The township borders the municipalities of Elmer Borough and Upper Pittsgrove Township in Salem County; Deerfield Township, Upper Deerfield Township and Vineland in Cumberland County and Franklin Township in Gloucester County.

Demographics

2010 census

The Census Bureau's 2006–2010 American Community Survey showed that (in 2010 inflation-adjusted dollars) median household income was $74,348 (with a margin of error of +/− $6,547) and the median family income was $83,564 (+/− $7,149). Males had a median income of $56,300 (+/− $5,678) versus $38,056 (+/− $6,727) for females. The per capita income for the borough was $28,606 (+/− $1,671). About 2.4% of families and 4.7% of the population were below the poverty line, including 5.0% of those under age 18 and 7.0% of those age 65 or over.

2000 census
As of the 2000 United States census there were 8,893 people, 3,020 households, and 2,422 families residing in the township.  The population density was .  There were 3,155 housing units at an average density of .  The racial makeup of the township was 88.14% White, 8.04% African American, 0.38% Native American, 0.58% Asian, 0.04% Pacific Islander, 1.29% from other races, and 1.52% from two or more races. Hispanic or Latino of any race were 3.41% of the population.

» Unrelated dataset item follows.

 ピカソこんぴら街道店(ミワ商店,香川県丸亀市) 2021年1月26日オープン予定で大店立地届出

There were 3,020 households, out of which 38.1% had children under the age of 18 living with them, 64.9% were married couples living together, 10.7% had a female householder with no husband present, and 19.8% were non-families. 16.2% of all households were made up of individuals, and 6.2% had someone living alone who was 65 years of age or older.  The average household size was 2.90 and the average family size was 3.23.

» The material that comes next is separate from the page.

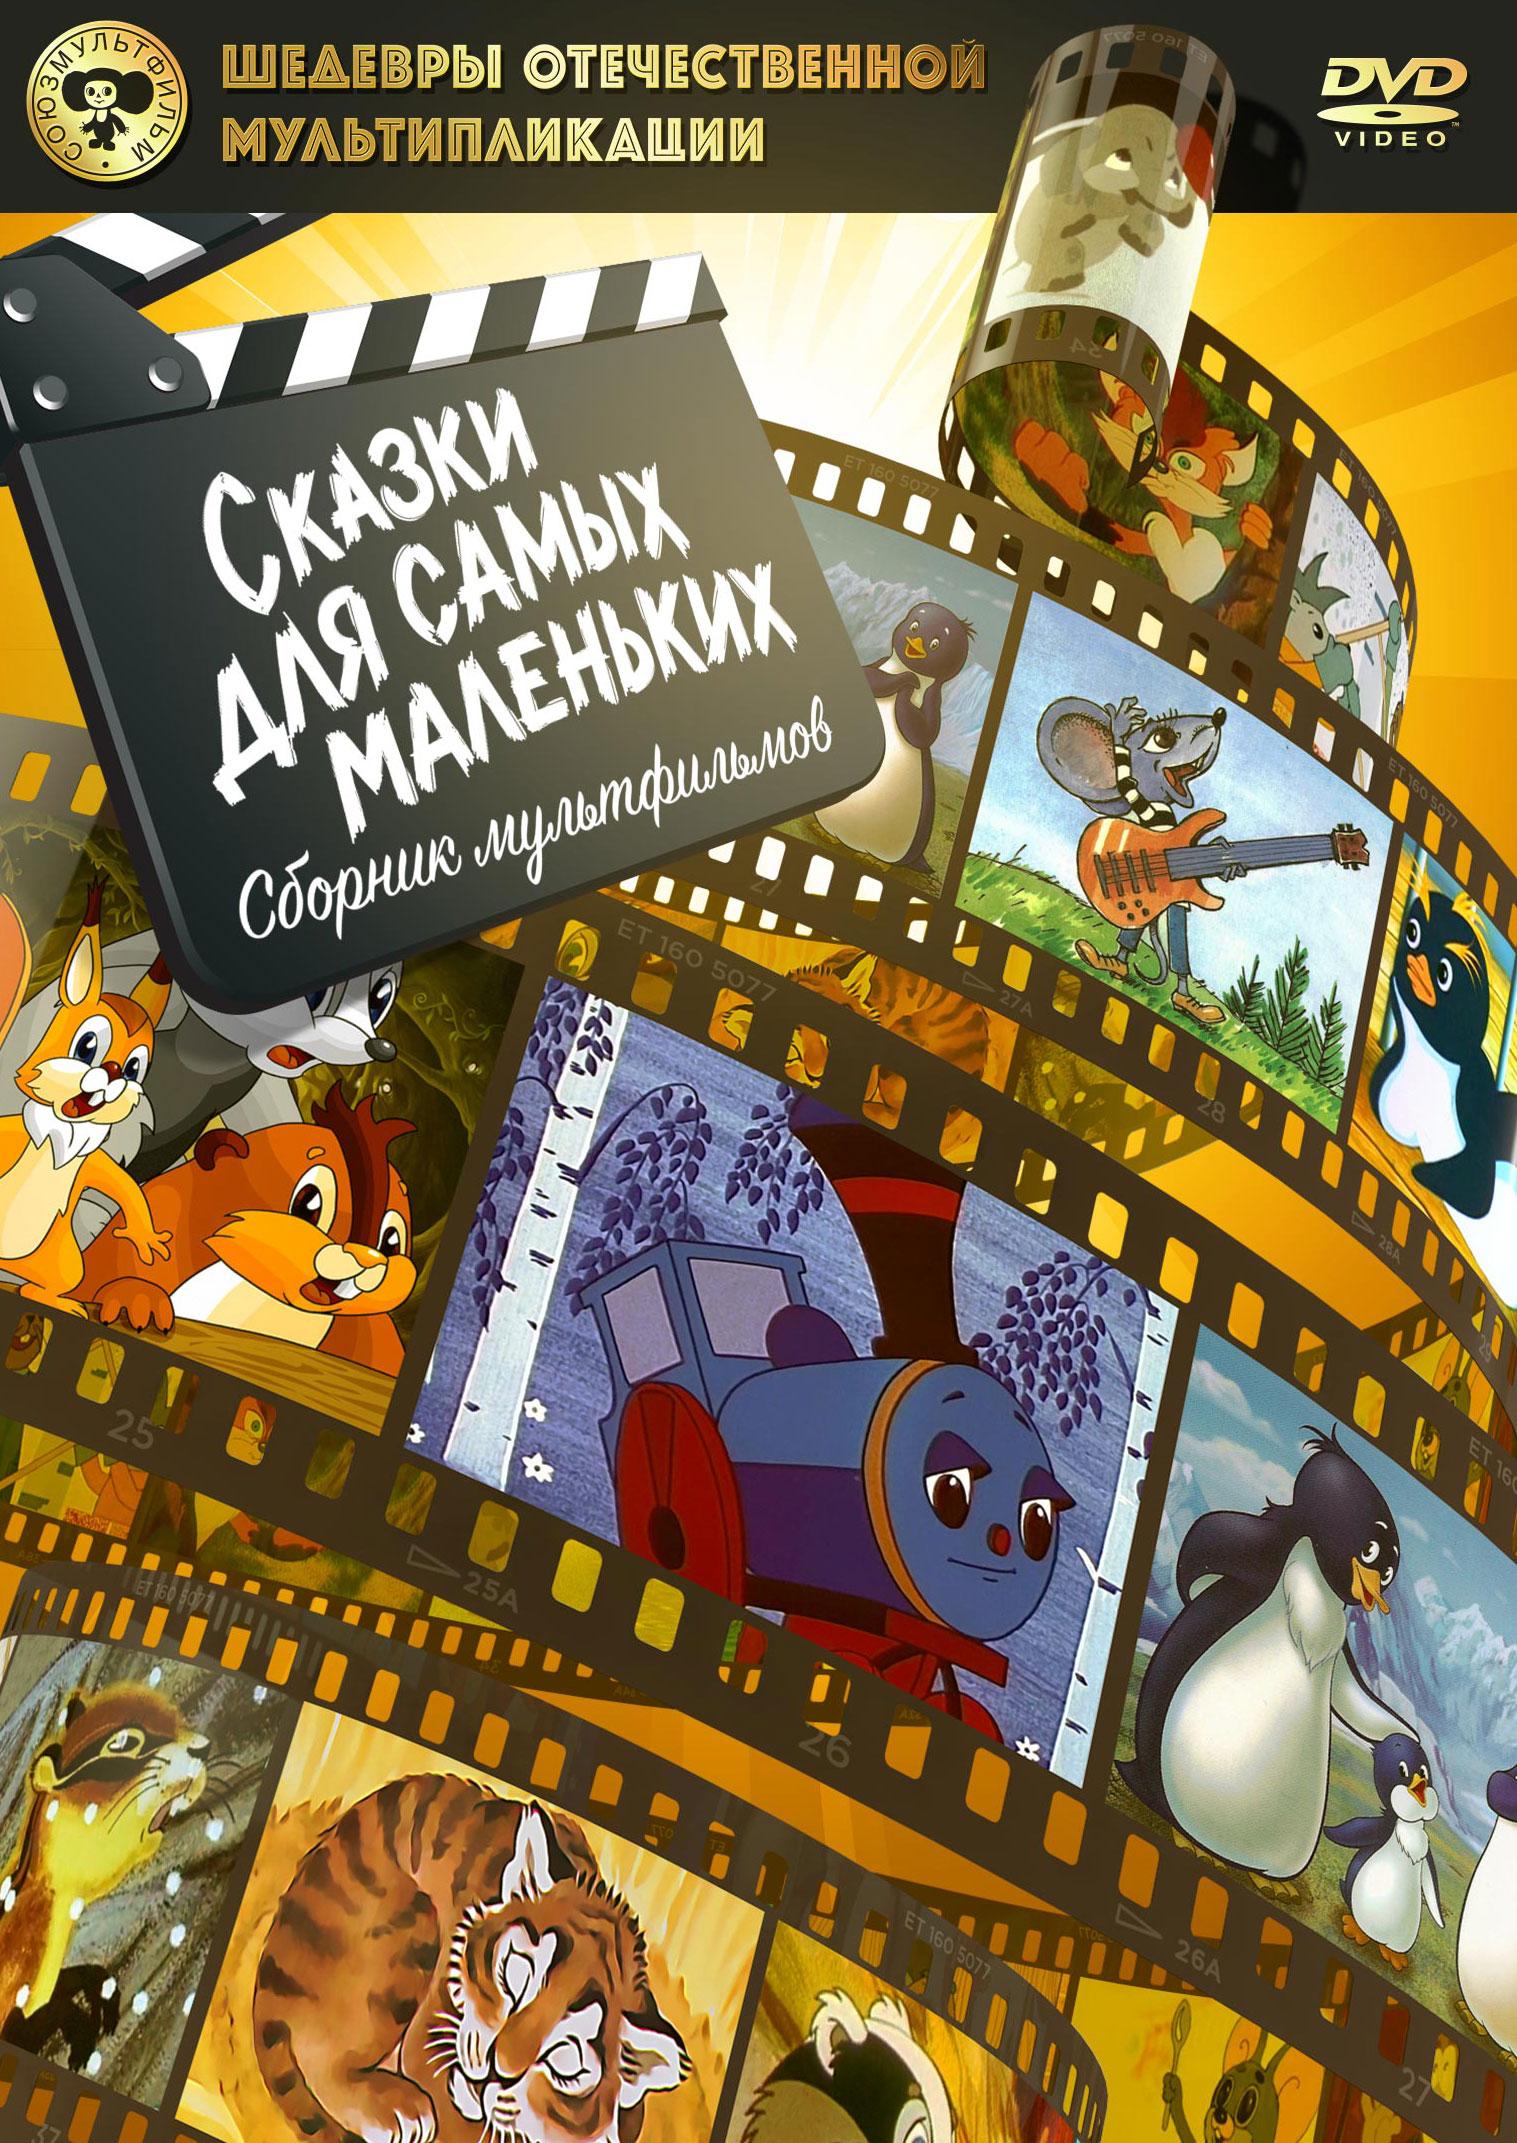 Сказки для самых маленьких: Сборник мультфильмов

In the township the population was spread out, with 26.7% under the age of 18, 8.0% from 18 to 24, 27.8% from 25 to 44, 26.1% from 45 to 64, and 11.4% who were 65 years of age or older.  The median age was 38 years. For every 100 females, there were 98.1 males.  For every 100 females age 18 and over, there were 93.4 males.

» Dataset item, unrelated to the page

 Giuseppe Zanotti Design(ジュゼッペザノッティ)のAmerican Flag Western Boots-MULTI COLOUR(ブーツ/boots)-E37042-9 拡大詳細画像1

The median income for a household in the township was $56,687, and the median income for a family was $63,266. Males had a median income of $42,653 versus $27,173 for females. The per capita income for the township was $21,624.  About 3.5% of families and 5.0% of the population were below the poverty line, including 6.8% of those under age 18 and 4.1% of those age 65 or over.

Government

Local government
Pittsgrove Township is governed under the Township form of New Jersey municipal government, one of 141 municipalities (of the 564) statewide that use this form, the second-most commonly used form of government in the state. The Township Committee is comprised of five members, who are elected directly by the voters at-large in partisan elections to serve three-year terms of office on a staggered basis, with either one or two seats coming up for election each year as part of the November general election in a three-year cycle. At an annual reorganization meeting, the Township Committee selects one of its members to serve as Mayor and another as Deputy Mayor.

, members of the Pittsgrove Township Committee are Mayor Dr. Fiore Copare (R, term on committee ends December 31, 2023; term as mayor ends 2022), Deputy Mayor Francesca I. Spinelli (R, term on committee ends 2024; term as deputy mayor ends 2022), Eric Harz (R, 2022), William A. Schmidt (R, 2023) and Kevin Yeagle (R, 2024).

Federal, state and county representation
Pittsgrove Township is located in the 2nd Congressional District and is part of New Jersey's 3rd state legislative district.

 

Salem County is governed by a five-member Board of County Commissioners who are elected at-large to serve three-year terms of office on a staggered basis, with either one or two seats coming up for election each year. At an annual reorganization meeting held in the beginning of January, the board selects a Director and a Deputy Director from among its members. , Salem County's Commissioners (with party, residence and term-end year listed in parentheses) are 
Director Benjamin H. Laury (R, Elmer, term as commissioner ends December 31, 2024; term as director ends 2022), 
Deputy Director Gordon J. "Mickey" Ostrum, Jr. (R, Pilesgrove Township, term as commissioner ends 2024; term as deputy director ends 2022),  
R. Scott Griscom (R, Mannington Township, 2022), 
Edward A. Ramsay (R, Pittsgrove Township, 2023) and
Lee R. Ware (D, Elsinboro Township, 2022). Constitutional officers elected on a countywide basis are 
County Clerk Dale A. Cross (R, 2024),
Sheriff Charles M. Miller (R, 2024) and 
Surrogate Nicki A. Burke (D, 2023).

Politics
As of March 2011, there were a total of 5,928 registered voters in Pittsgrove Township, of which 1,618 (27.3% vs. 30.6% countywide) were registered as Democrats, 1,223 (20.6% vs. 21.0%) were registered as Republicans and 3,085 (52.0% vs. 48.4%) were registered as Unaffiliated. There were 2 voters registered as either Libertarians or Greens. Among the township's 2010 Census population, 63.1% (vs. 64.6% in Salem County) were registered to vote, including 82.3% of those ages 18 and over (vs. 84.4% countywide).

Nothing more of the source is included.